Clocks are a problem for me, I keep designing them but I never seem to finish building my designs. I'm not really sure why. Maybe it's because I limit myself to using only TTL logic, or that my designs usually involve excessively complicated wiring or mechanics, or I guess maybe it's because I always wear a watch? Well anyway, these are some of the ideas that I've had over the years, many of which got as far as a completed circuit design and beginning construction:

But this time I've finally come through with one, my own microcontroller-less take on "Word Clock" designs, which display the time in words by lighting up letters in a grid.


"FIVE" is dimly lit in the left image because I accidentally used a resistor for D12 instead of a diode and hadn't figured that out yet when the photo was taken.

Interested in buying a kit for the logic board of this clock? Let me know by submitting your email address to the notifications list and if there's significant interest then I might put one together, along with clearer schematics, instructions, and 60Hz mains support. Approximate cost would be $53.00AUD (USD CAD EUR GBP) plus postage.
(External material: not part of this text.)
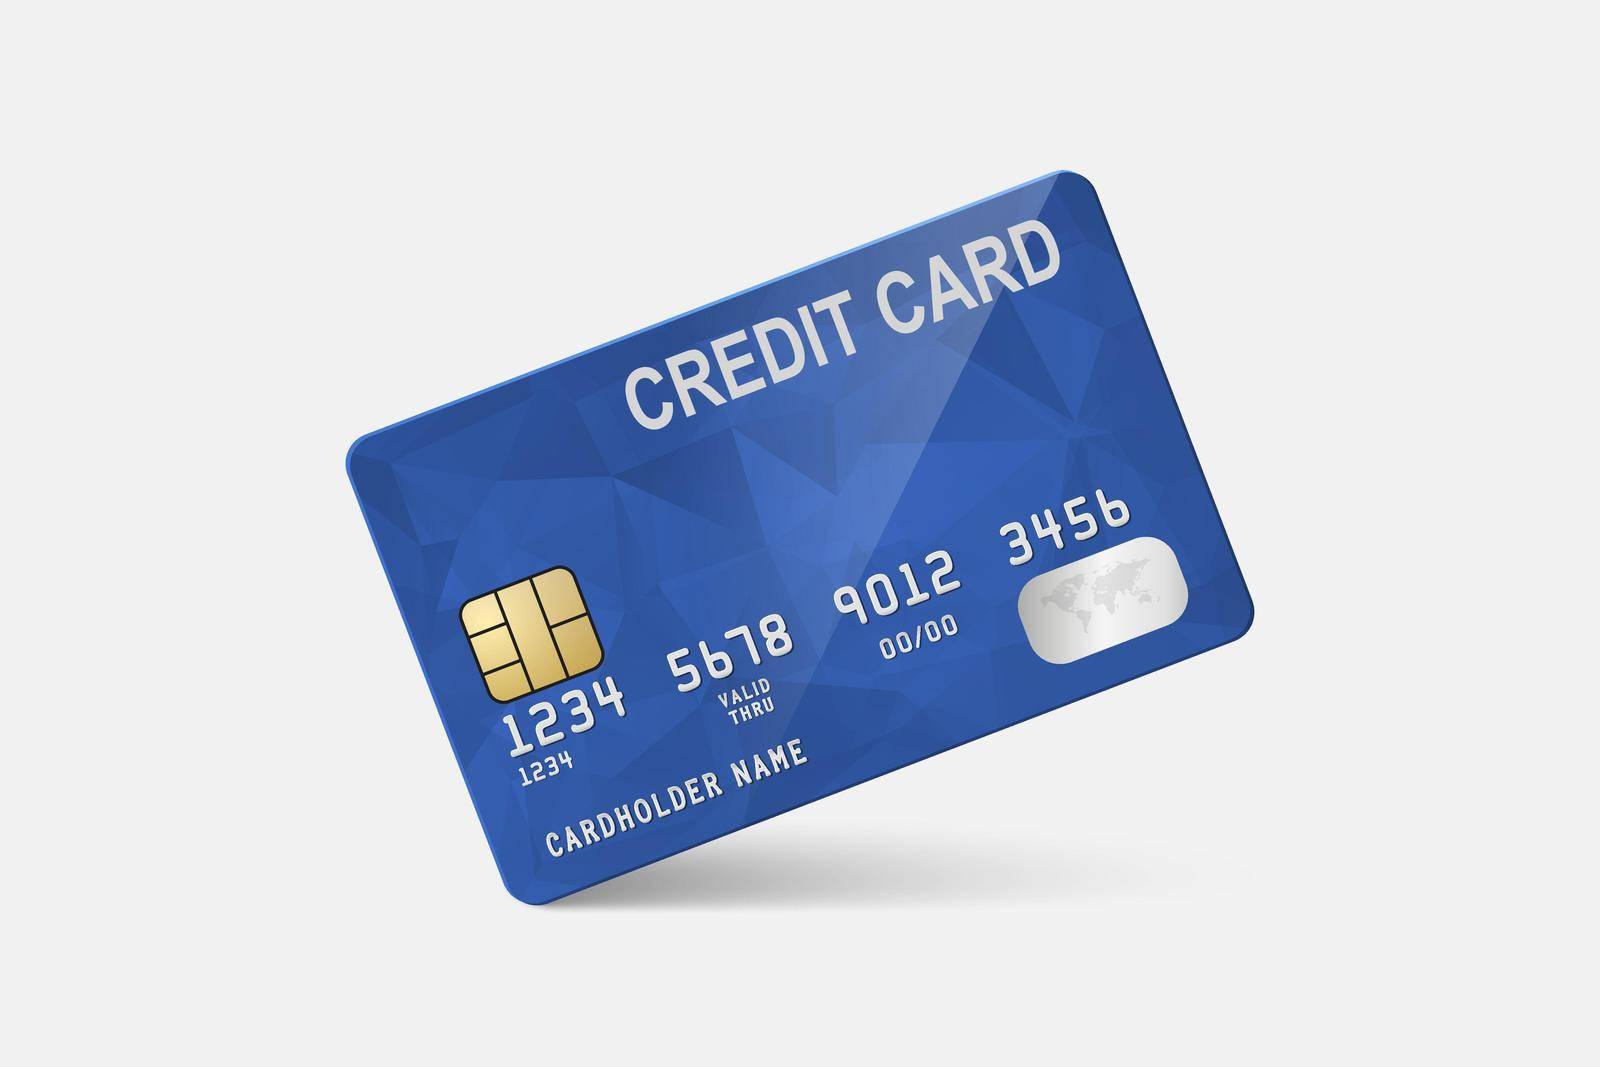 Vector 3d Realistic Blue Credit Card on White Background. Design Template of Plastic Credit or Debit Card. Credit Card Payment Concept. Front View.
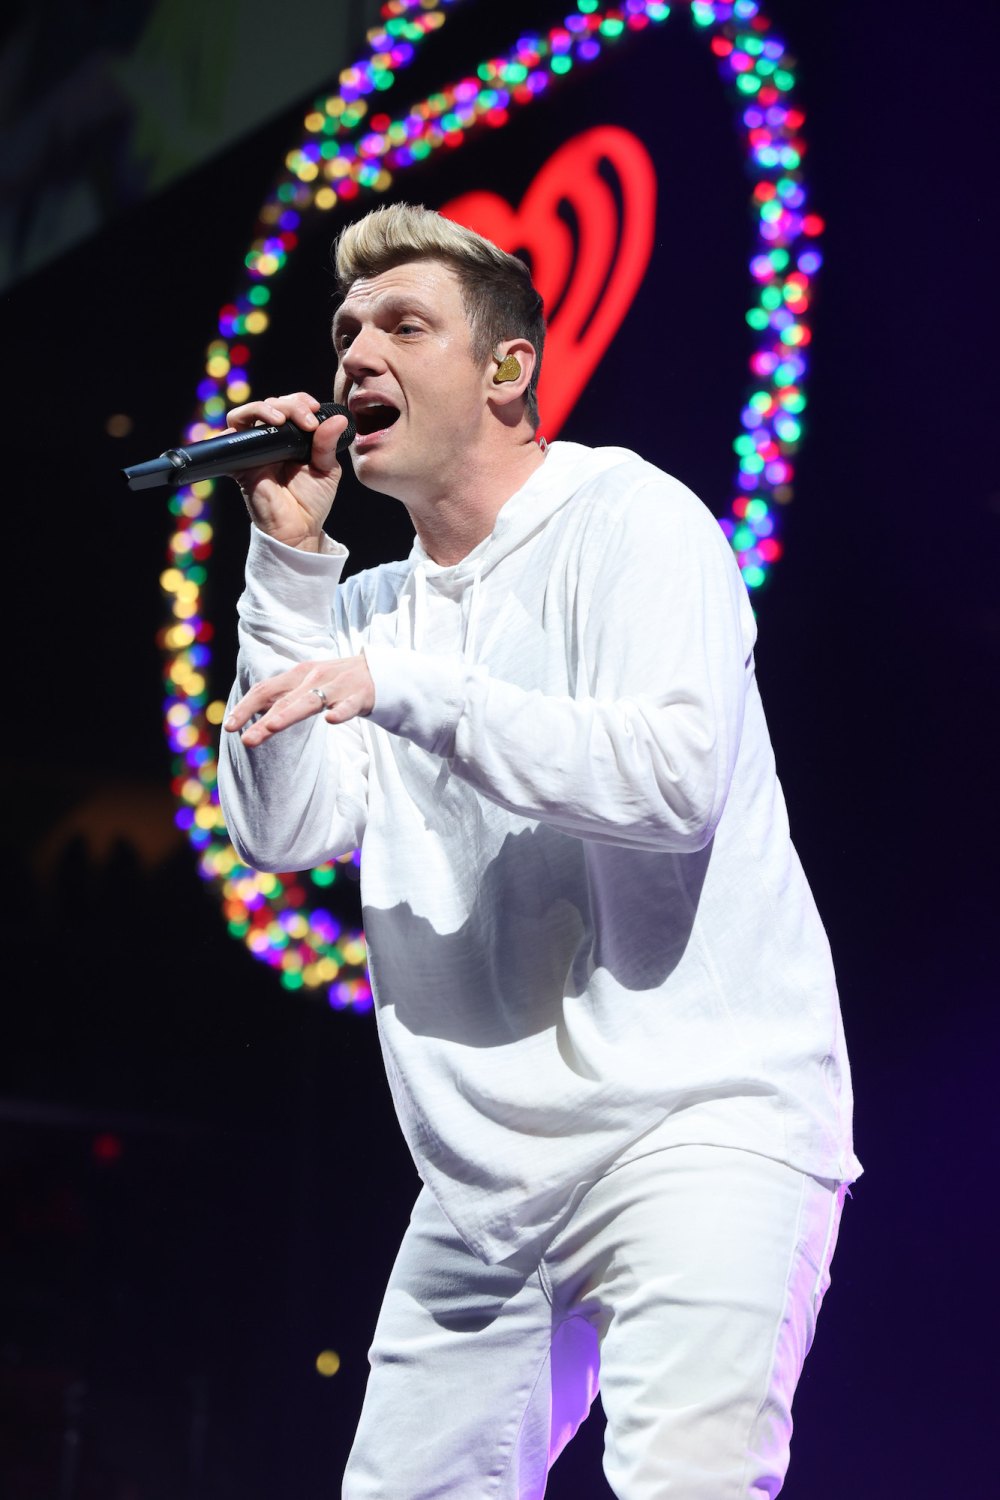 Nick Carter Accused of Sexually Assaulting 15-Year-Old on a Yacht

Usually the display for these things is LEDs shining through letter-shaped slits or unshaded areas in a panel placed in front. I was going to go a similar route, but thought I should have each light in its own compartment within a grid in order to avoid lighting up surrounding letters. I had some very strong (you can stand on them!) cardboard panels with a fairly deep honeycombe structure inside. By cutting off one side of it to fit within a second-hand photo frame that I'd picked up for $2 years earlier, thinking it looked deep enough to fit lots of electronics inside, I had a pre-formed grid. The shapes of the slightly squashed honeycomb structure looked more interesting than the usual plain modernistic design of other word clocks. So instead of covering it up, I started cutting out little discs of matte inkjet-printable photo paper, just the right shape so that they could be jammed in the holes and held in place by friction. To keep them in place for good I first tried dabbing on superglue, which just made them go stiff and no longer stay in place at all, then resorted to my usual uglier but reliable hot glue. The text is just written in permanent marker, and reports so far are that nobody else can read my writing, but I'm putting that down to a lack of effort by the readers.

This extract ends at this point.